I need to edit a bash script that sorts .vcf files. vcf files are roughly structured as shown below:
## header line
## header line
…
Data line
Data line
…
The script is called vcfsort and is part of a library for manipulating vcf files. It looks like this:
head -1000 $1 | grep "^#"; cat $@ | grep -v "^#" | sort -k1,1d -k2,2n
And it is run by writing vcfsort input.vcf > output.vcf
.
I understand roughly what it does: since sorting should only be done on the data lines, it gets the header lines:
head -1000 $1 | grep "^#";
And combines it with sorted data lines:
cat $@ | grep -v "^#" | sort -k1,1d -k2,2n
I need the head command to read more lines. Instead of calling vcfsort like above, I thought I could just edit the script myself and write it out directly as a command like this:
head -10000 input.vcf | grep "^#"; cat input.vcf | grep -v "^#" | sort -k1,1d -k2,2n > output.vcf
This does not work as expected. My attempt above writes the correct output to stdout, if I leave out > output.vcf
. However, if I include it, only the data lines are written to file and the header lines are written to stdout. So, I have a couple of questions:
- In this stack overflow answer, it is said that to combine semicolon-separated commands, they should be enclosed in parentheses.
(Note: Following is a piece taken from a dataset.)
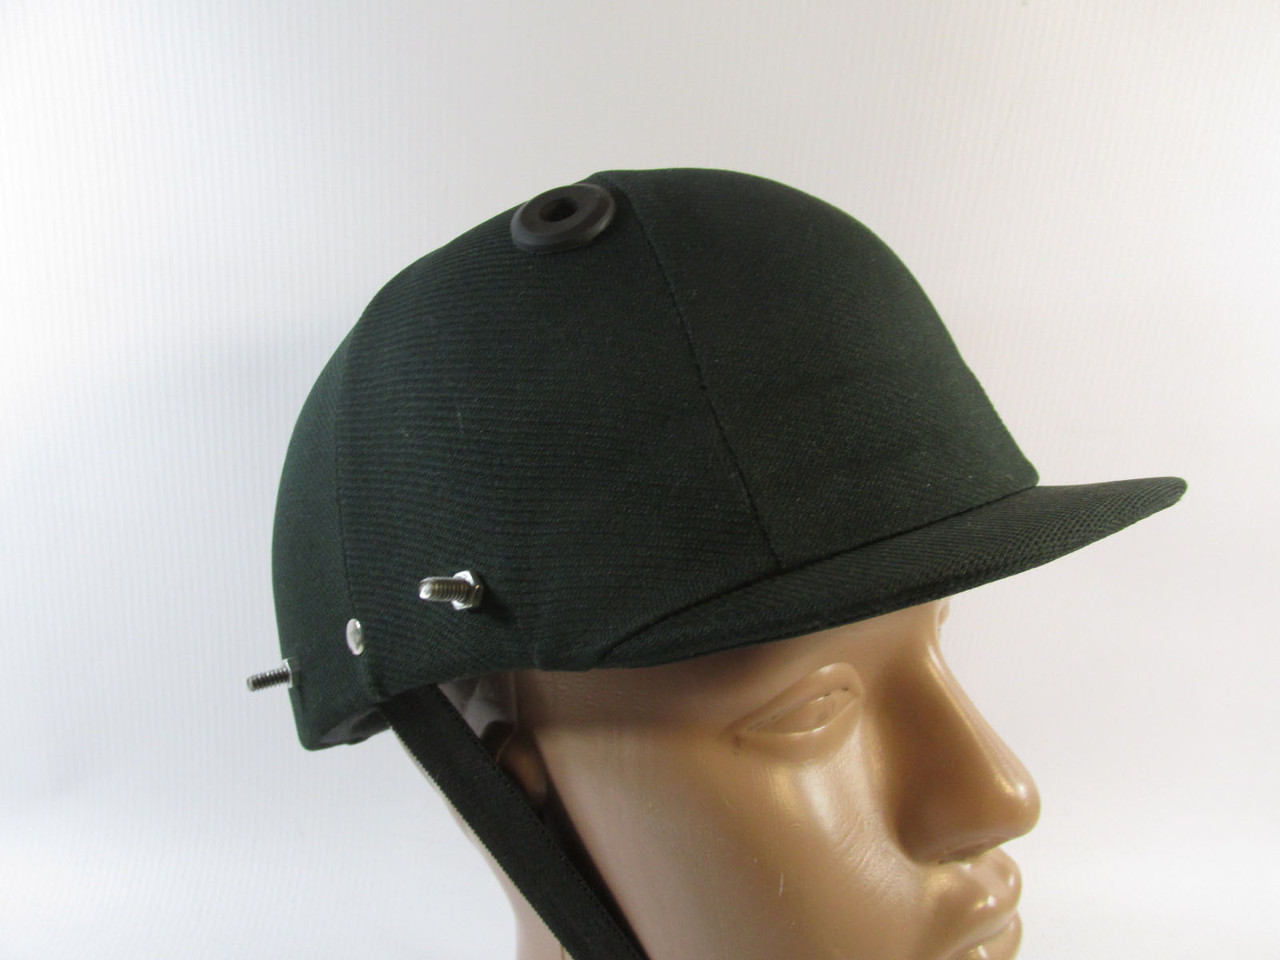 Шлем защитный MD, зеленый, 54 см, болтами для креплениями, Хор сост!
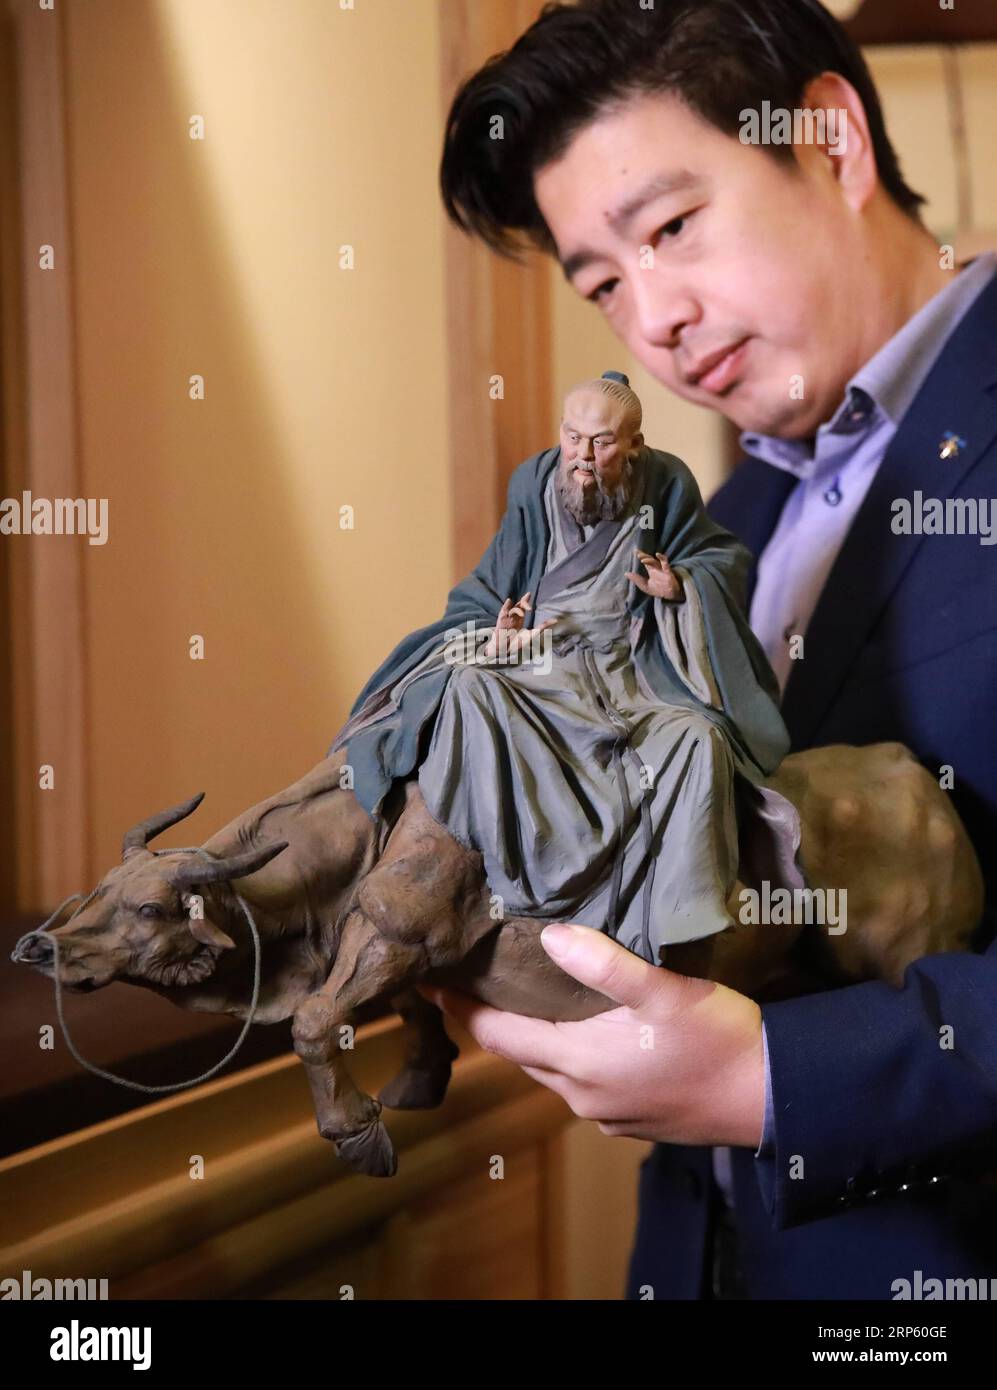 (181229) -- PÉKIN, 29 décembre 2018 (Xinhua) -- Zhang Yu, le fabricant de figurine en argile Zhang de sixième génération, regarde une figurine dans son atelier de la galerie d'art Zhang Figure en argile à Tianjin, dans le nord de la Chine, le 28 décembre 2018. Figure d'argile Zhang est un nom familier de l'art populaire traditionnel en Chine, et une telle œuvre a une histoire de près de 200 ans. Zhang Yu, le fabricant de figurines en argile de sixième génération de sa famille, a pris en charge l’entreprise familiale en 1996, alors qu’il n’avait que 18 ans. Au fil du temps, le métier et la marque ont évolué. Au lieu de fabriquer des figurines et de les vendre comme un vendeur de rue, lui Banque D'Images

Why is that not the case in the vcfsort script?
- Why is
$@
used in the cat command instead of$1
?$@
should refer to all of a shell scripts arguments, but since only one is given (the input file), why not just use $1? If there is a reason for this, how can I transfer that to my command line expression? - Why do I only get part of the stdout when I send it to a file?
- Could you show me the edits I need to make to get my command to work as intended?